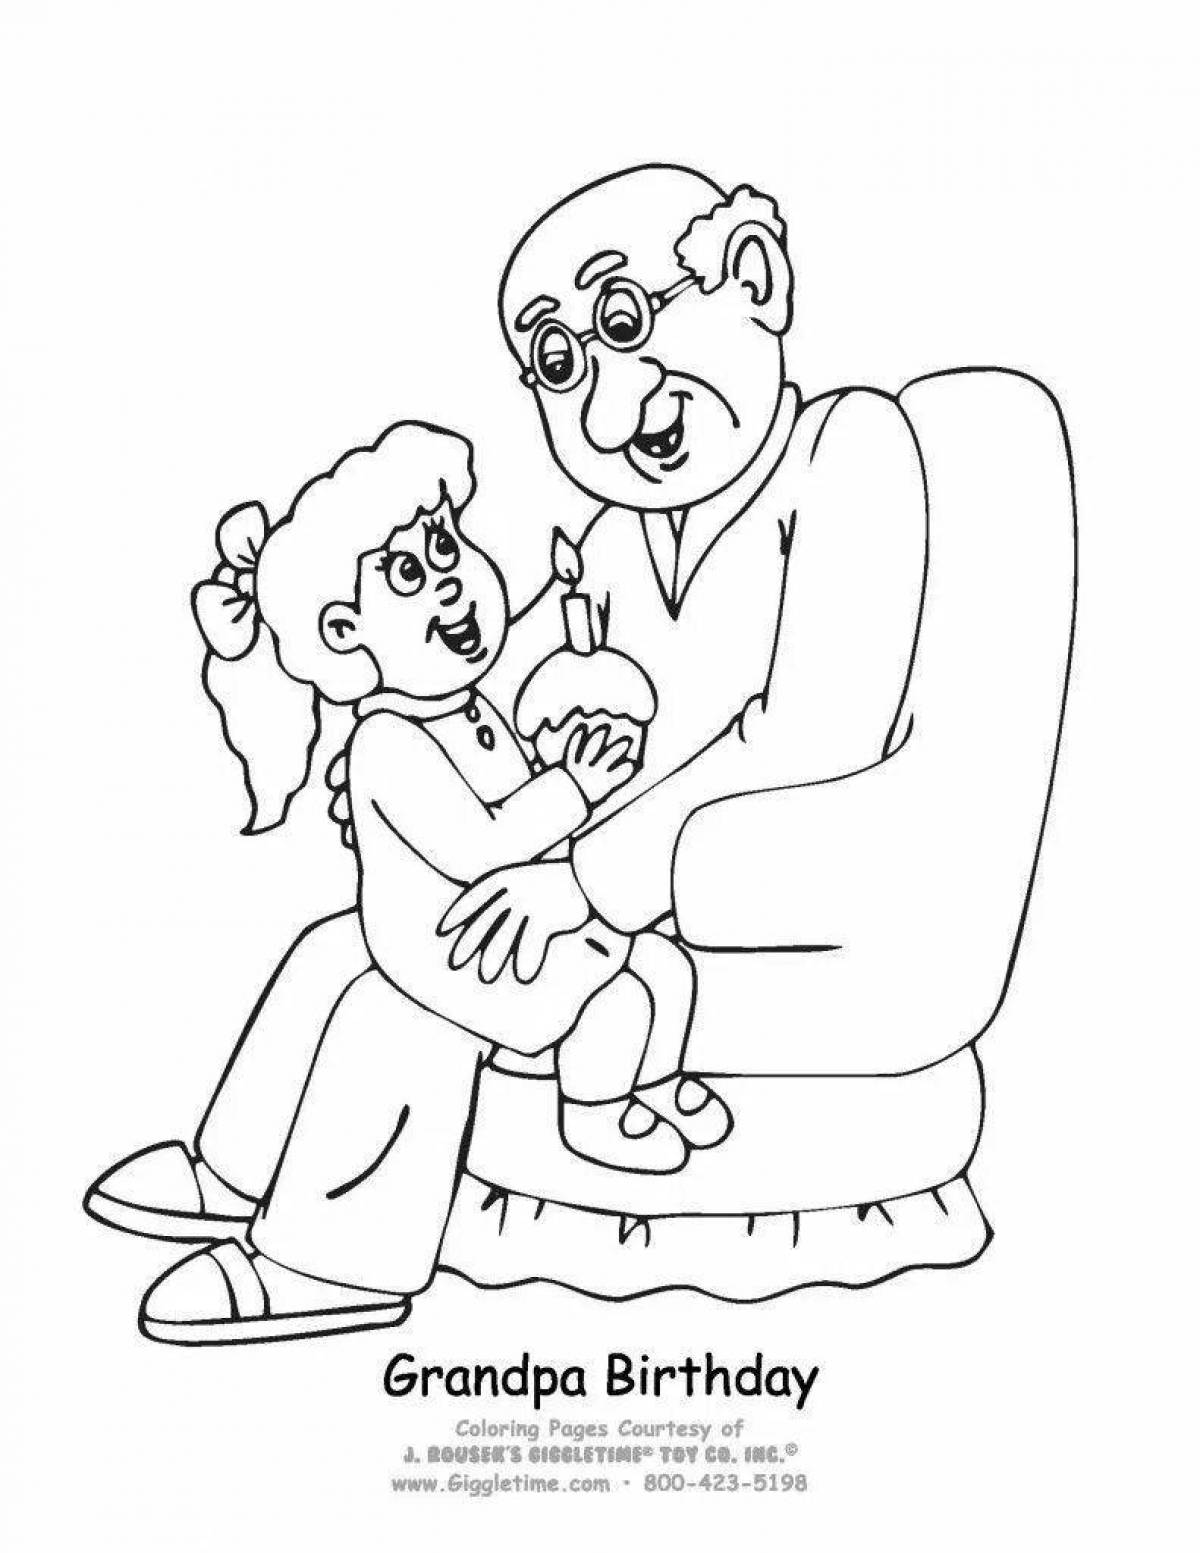 Glorious grandfather's birthday coloring page from granddaughter
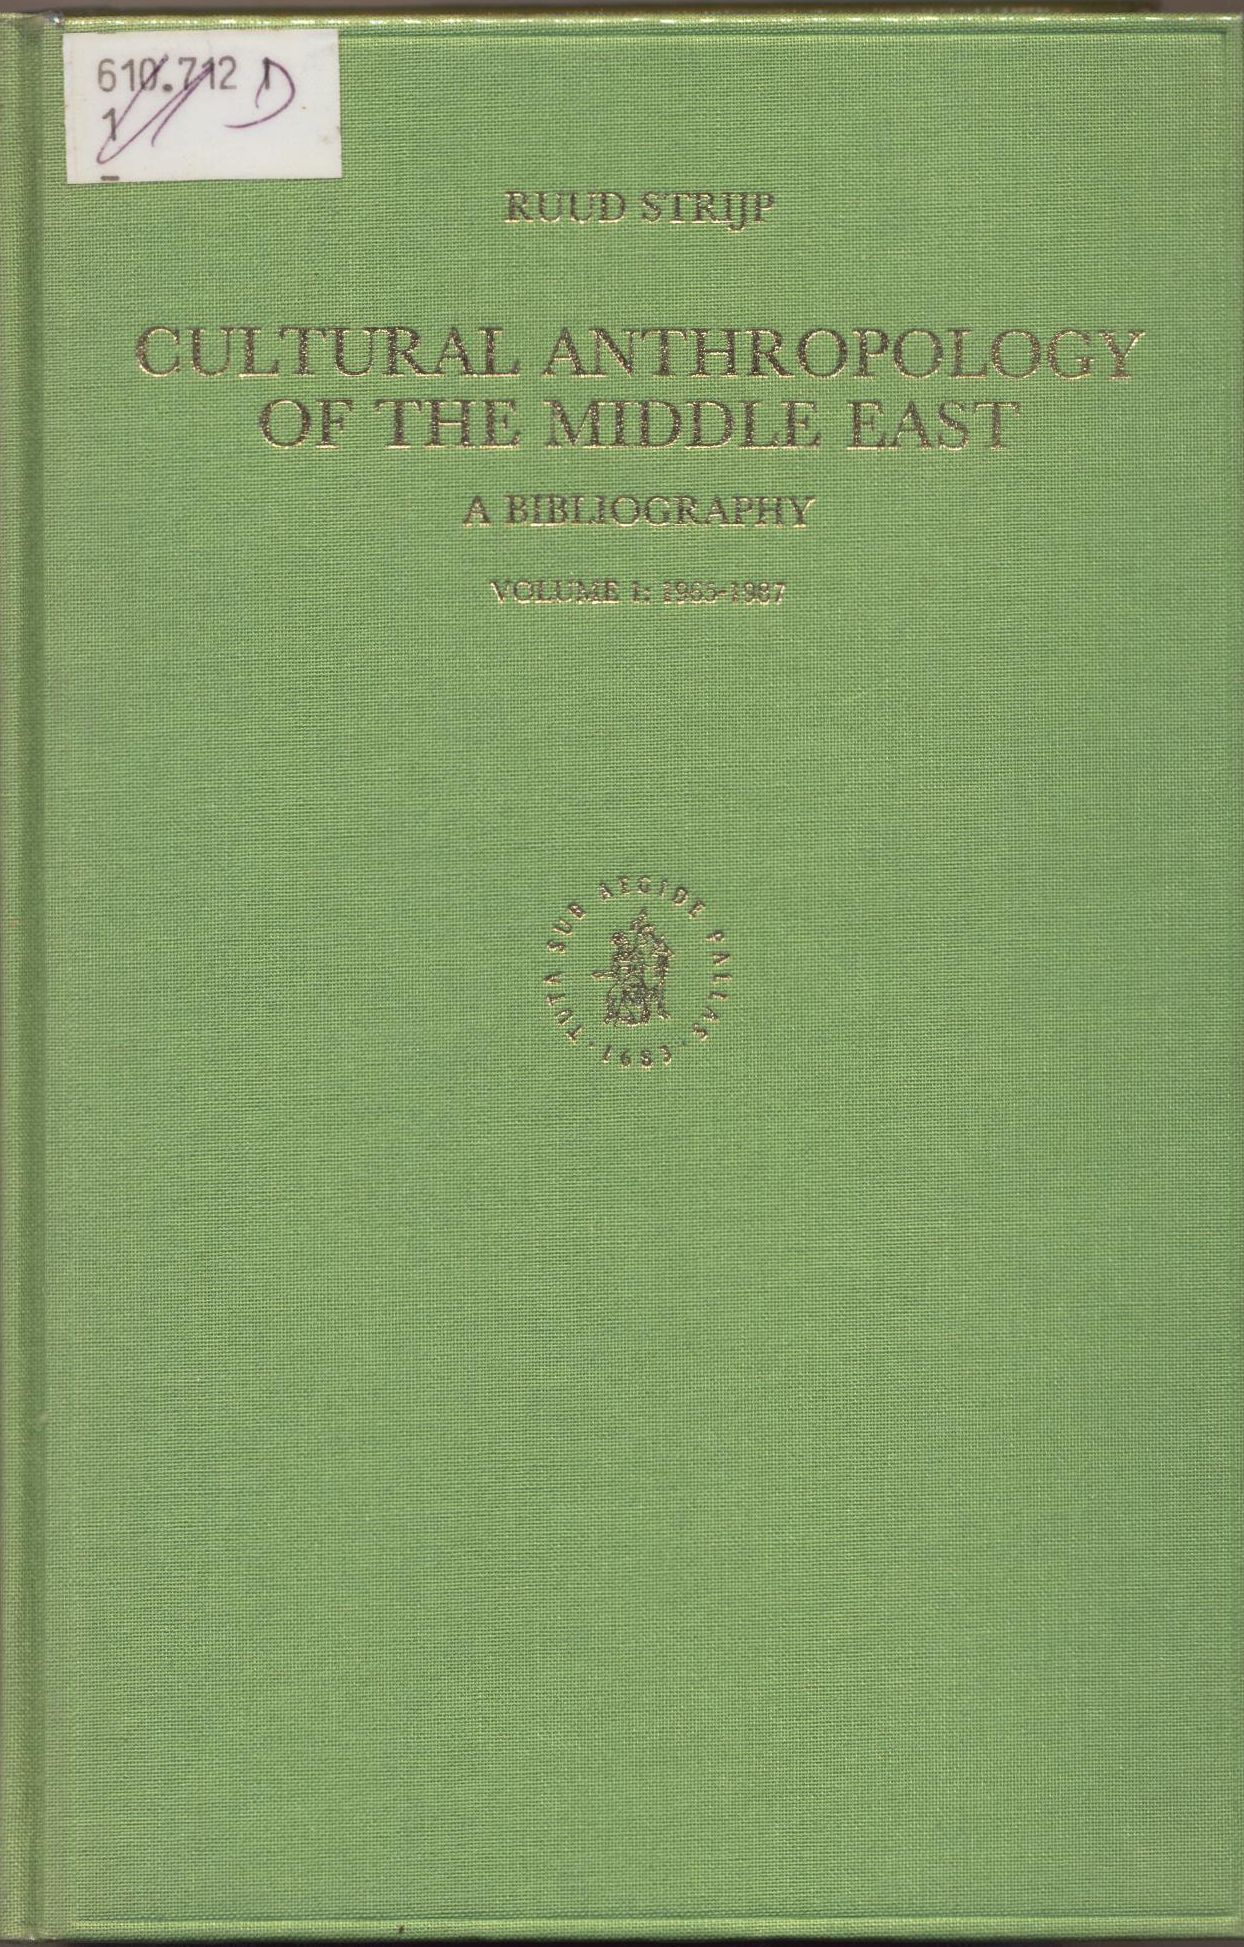 Handbuch der Orientalistik / Cultural Anthropology of the Middle East A Bibliography. Volume 1: 1965-1987 - Strijp, Ruud
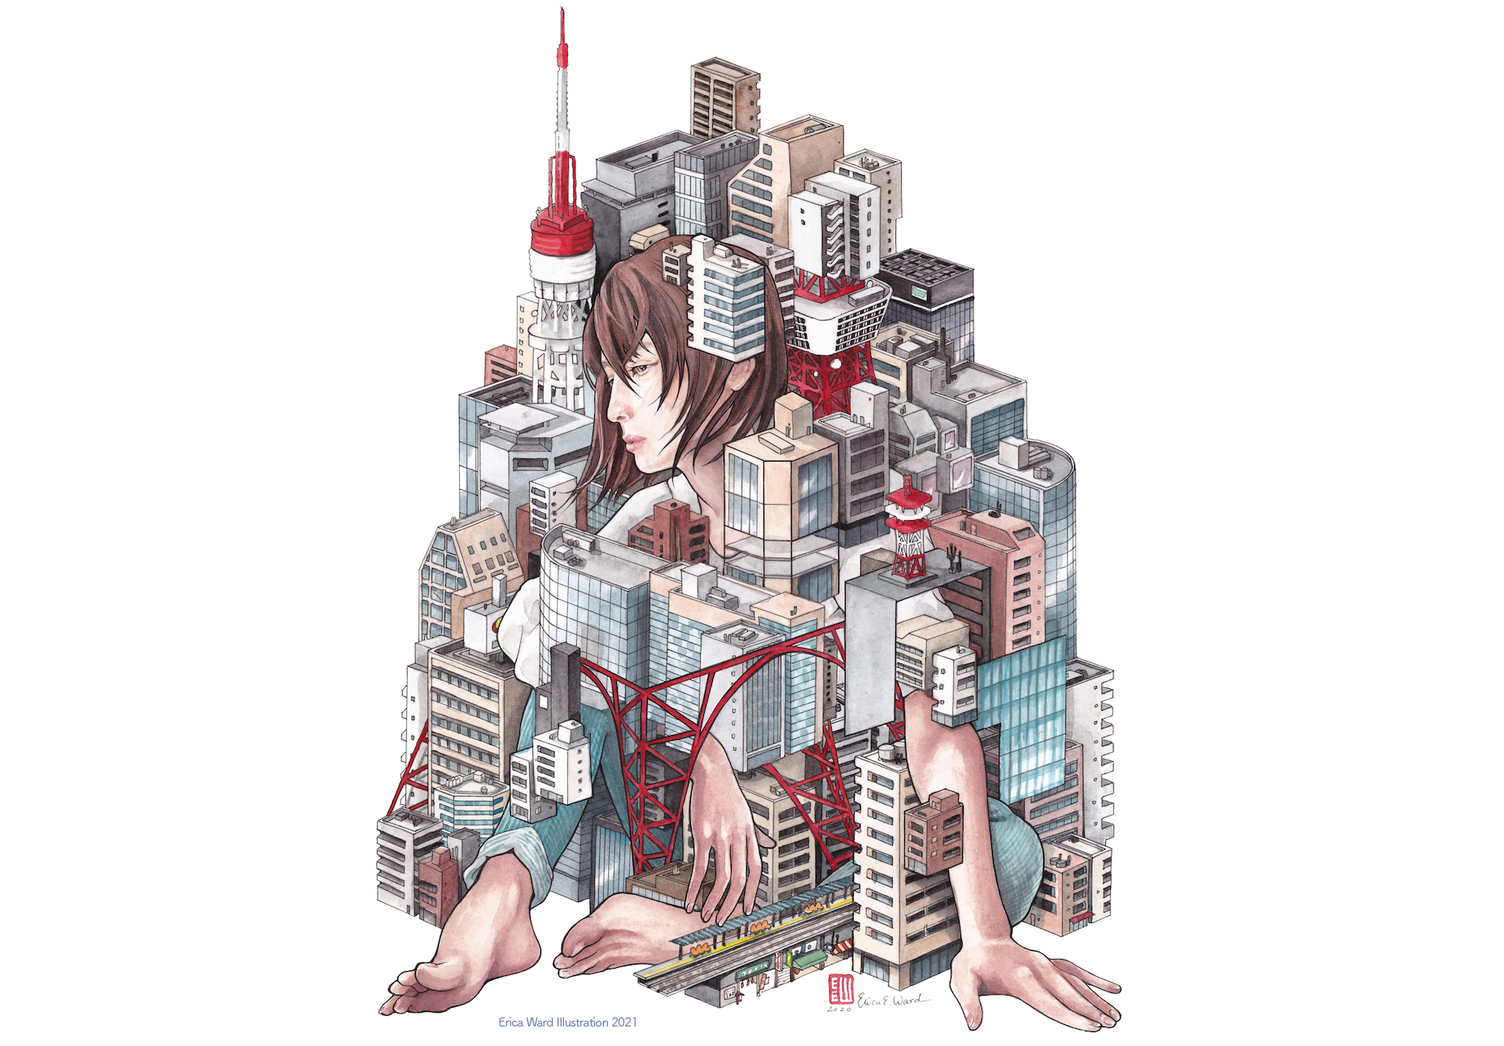 TW Creatives: Erica Ward’s Surreal Tokyo Art is the Japan of Our Dreams

— Action item —
Print the data once more without any change, skipping each picture.

— Exercise response —
 Glorious grandfather's birthday coloring page from granddaughter
 Handbuch der Orientalistik / Cultural Anthropology of the Middle East A Bibliography. Volume 1: 1965-1987 - Strijp, Ruud
 TW Creatives: Erica Ward’s Surreal Tokyo Art is the Japan of Our Dreams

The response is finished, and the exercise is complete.